** Available data follows **
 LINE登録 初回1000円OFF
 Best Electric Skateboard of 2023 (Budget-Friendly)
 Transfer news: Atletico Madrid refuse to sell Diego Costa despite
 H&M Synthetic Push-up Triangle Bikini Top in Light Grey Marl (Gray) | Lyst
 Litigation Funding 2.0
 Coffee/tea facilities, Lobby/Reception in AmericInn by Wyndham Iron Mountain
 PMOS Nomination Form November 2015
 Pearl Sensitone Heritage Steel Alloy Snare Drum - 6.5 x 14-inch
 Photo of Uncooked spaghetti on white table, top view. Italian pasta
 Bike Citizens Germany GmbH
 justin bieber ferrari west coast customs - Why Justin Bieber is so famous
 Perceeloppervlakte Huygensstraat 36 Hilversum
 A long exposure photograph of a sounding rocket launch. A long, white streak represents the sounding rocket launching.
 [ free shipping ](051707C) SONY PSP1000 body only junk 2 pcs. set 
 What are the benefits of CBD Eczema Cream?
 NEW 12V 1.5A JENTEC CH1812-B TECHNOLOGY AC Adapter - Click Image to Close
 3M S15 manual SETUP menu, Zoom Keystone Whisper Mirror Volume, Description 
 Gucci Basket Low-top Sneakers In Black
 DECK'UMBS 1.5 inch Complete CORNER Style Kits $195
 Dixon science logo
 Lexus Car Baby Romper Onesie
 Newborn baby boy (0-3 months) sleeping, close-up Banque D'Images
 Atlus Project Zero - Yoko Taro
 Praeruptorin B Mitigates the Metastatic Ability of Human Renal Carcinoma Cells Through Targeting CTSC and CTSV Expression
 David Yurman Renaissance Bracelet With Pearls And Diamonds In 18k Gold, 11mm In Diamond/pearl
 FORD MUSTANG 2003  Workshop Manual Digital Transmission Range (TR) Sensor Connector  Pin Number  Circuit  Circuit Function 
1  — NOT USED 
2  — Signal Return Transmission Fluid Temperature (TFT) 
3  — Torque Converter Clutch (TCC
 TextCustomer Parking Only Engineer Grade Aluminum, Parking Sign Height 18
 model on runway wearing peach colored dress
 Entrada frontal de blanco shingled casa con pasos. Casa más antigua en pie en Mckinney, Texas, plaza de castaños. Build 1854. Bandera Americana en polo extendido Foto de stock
** End of Available data **
**Work required**: Your task is to retype, exactly and only, the lines from the one with "Photo of Uncooked" through the final line above.

**Solution to the exercise**:
 Photo of Uncooked spaghetti on white table, top view. Italian pasta
 Bike Citizens Germany GmbH
 justin bieber ferrari west coast customs - Why Justin Bieber is so famous
 Perceeloppervlakte Huygensstraat 36 Hilversum
 A long exposure photograph of a sounding rocket launch. A long, white streak represents the sounding rocket launching.
 [ free shipping ](051707C) SONY PSP1000 body only junk 2 pcs. set 
 What are the benefits of CBD Eczema Cream?
 NEW 12V 1.5A JENTEC CH1812-B TECHNOLOGY AC Adapter - Click Image to Close
 3M S15 manual SETUP menu, Zoom Keystone Whisper Mirror Volume, Description 
 Gucci Basket Low-top Sneakers In Black
 DECK'UMBS 1.5 inch Complete CORNER Style Kits $195
 Dixon science logo
 Lexus Car Baby Romper Onesie
 Newborn baby boy (0-3 months) sleeping, close-up Banque D'Images
 Atlus Project Zero - Yoko Taro
 Praeruptorin B Mitigates the Metastatic Ability of Human Renal Carcinoma Cells Through Targeting CTSC and CTSV Expression
 David Yurman Renaissance Bracelet With Pearls And Diamonds In 18k Gold, 11mm In Diamond/pearl
 FORD MUSTANG 2003  Workshop Manual Digital Transmission Range (TR) Sensor Connector  Pin Number  Circuit  Circuit Function 
1  — NOT USED 
2  — Signal Return Transmission Fluid Temperature (TFT) 
3  — Torque Converter Clutch (TCC
 TextCustomer Parking Only Engineer Grade Aluminum, Parking Sign Height 18
 model on runway wearing peach colored dress
 Entrada frontal de blanco shingled casa con pasos. Casa más antigua en pie en Mckinney, Texas, plaza de castaños. Build 1854. Bandera Americana en polo extendido Foto de stock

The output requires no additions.